As an example, the Serious Reportable Adverse Events (SRAEs) reporting section may have at least two “Preliminary Samples.” One will consist of all claims from the reporting period associated with the distinct Member IDs identified in the SRAEs “Final Stage List.” The second will consist of all enrollment records in the reporting period associated with these Member IDs.
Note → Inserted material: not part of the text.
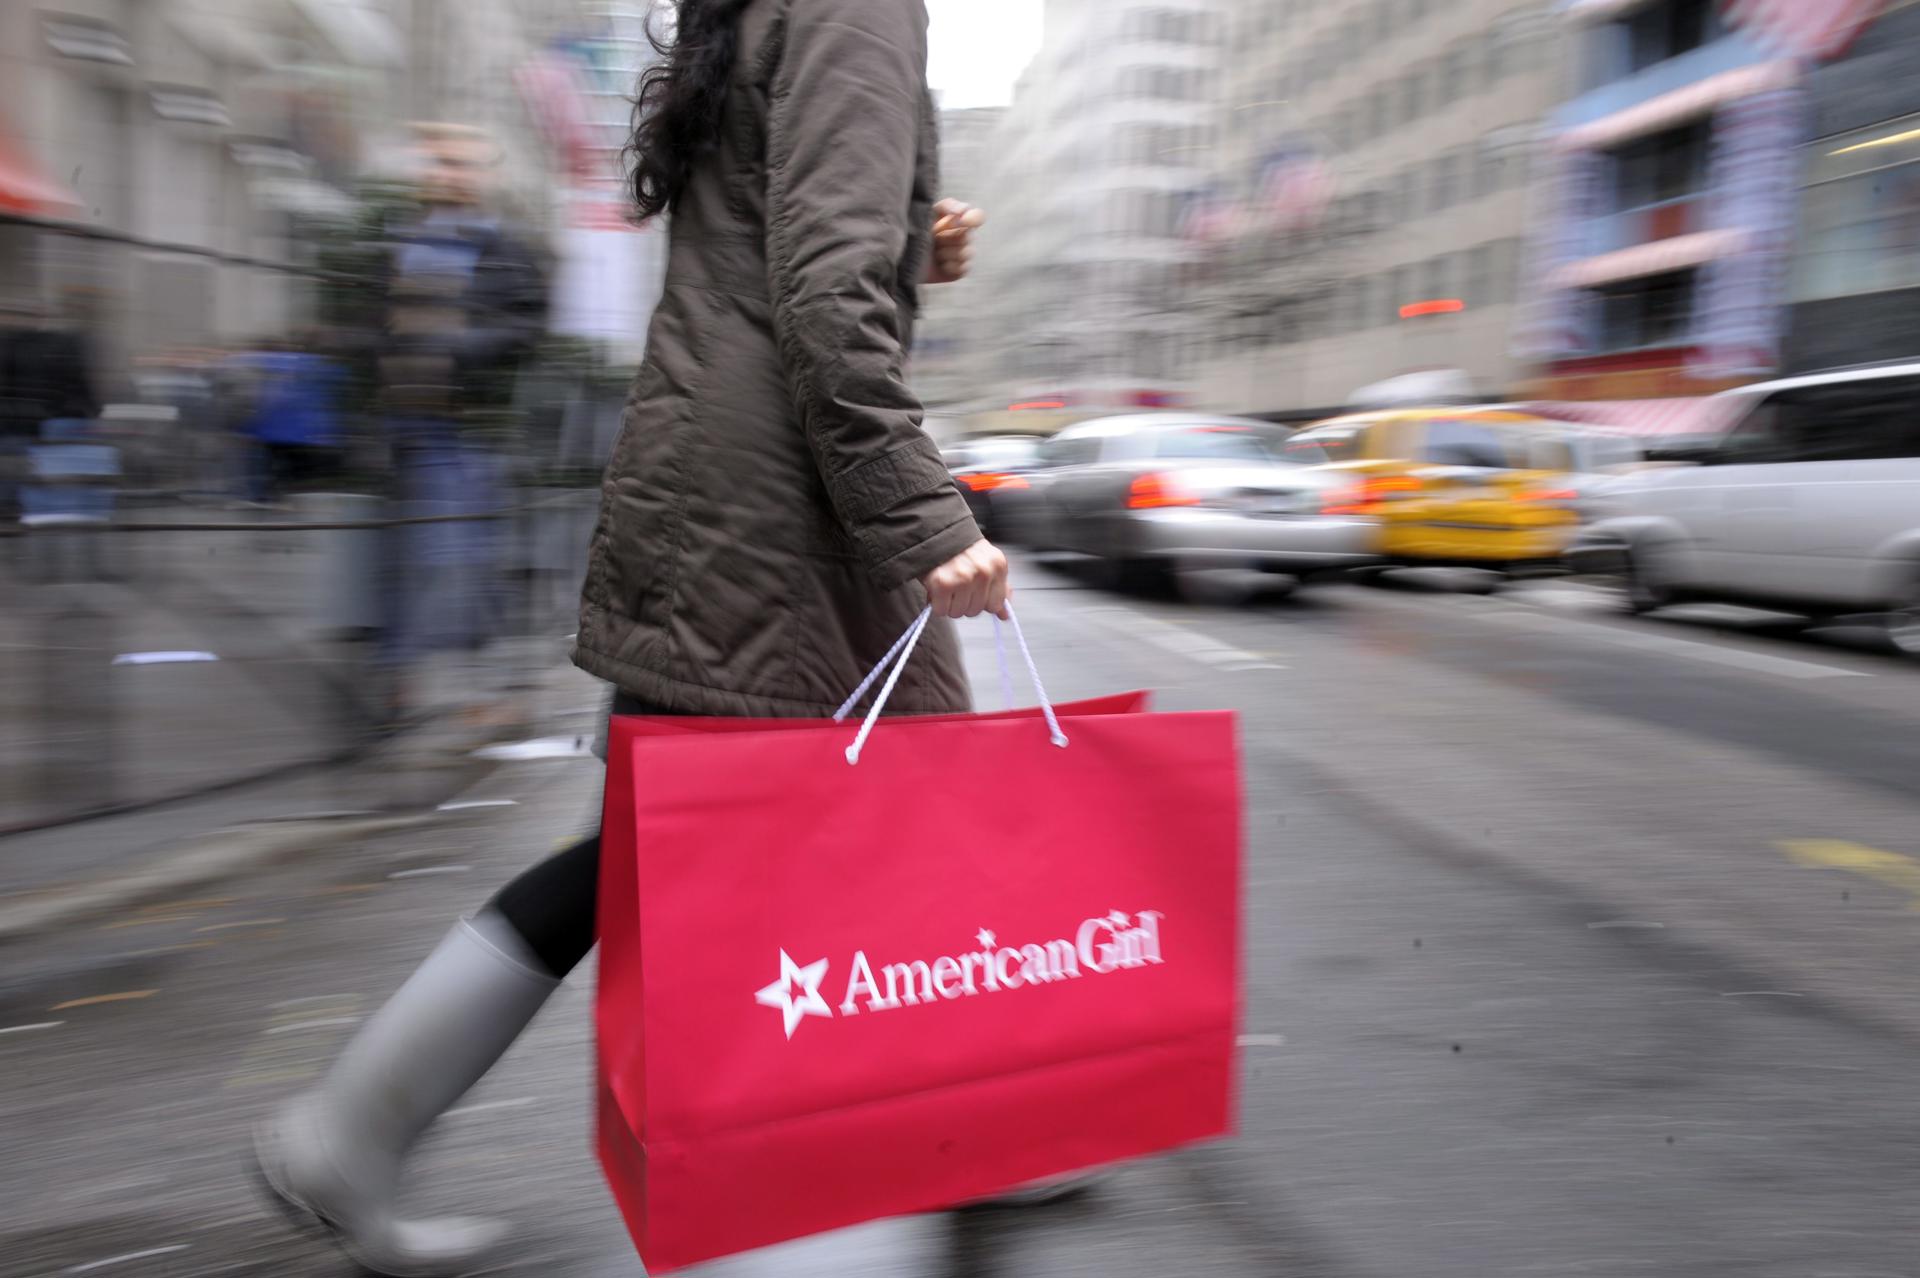 Una mujer carga una bolsa luego de realizar una compra en Nueva York (EEUU). Fotografía de archivo. EFE/ANDREW GOMBERT

Note: The actual number of records in the “Final Stage Sample(s)” and “Preliminary Sample(s)” will vary, and in many cases, it will be substantially larger than the “Final Stage List” sample size. For example, the “Final Stage List” of Member IDs for the SRAEs reporting section will likely result in “Preliminary Samples” of more than the total number of Member IDs because of multiple claims and enrollment records for each member.


Note: If the data are the same as the “Final Stage Data Set,” the “Final Stage Sample” will be sufficient.


  1. Extract Source Data: Similar to the census process, for certain reporting sections and within some organizations, the source data may have already been extracted as part of step four described above. If not, sample source data will need to be extracted in order to validate that the underlying data are correct and were accurately uploaded or entered into the data warehouse. See Section 3.3 for instructions on example source data and sample sizes.


  1. Create “Interim Stage Sample(s)”: Where applicable, the reviewer will identify “Interim Stage Data Sets”, that is, data sets that have undergone a cleaning process after initial entry into a source system and before being joined to create the “Final Stage Data Set(s).” The reviewer will apply the same methodology for extraction of the “Preliminary Sample” as described in Step 4. All “Interim Stage Samples” should be identified and clearly labeled so that the relationship between data extracts is identified and distinguishable.


  1. Write and Encrypt Data to Secure Storage Device: The organization will transfer all data files to a secure storage device. Organizations undergoing review should coordinate with reviewers to ensure that the organization’s security software does not interfere with data transfer. Files requested before or after the site visit can be transferred via a secure web portal or by other methods that comply with regulations governing secure storage and transfer of Personal Health Information (PHI). See Section 4.2 for instructions on the file format.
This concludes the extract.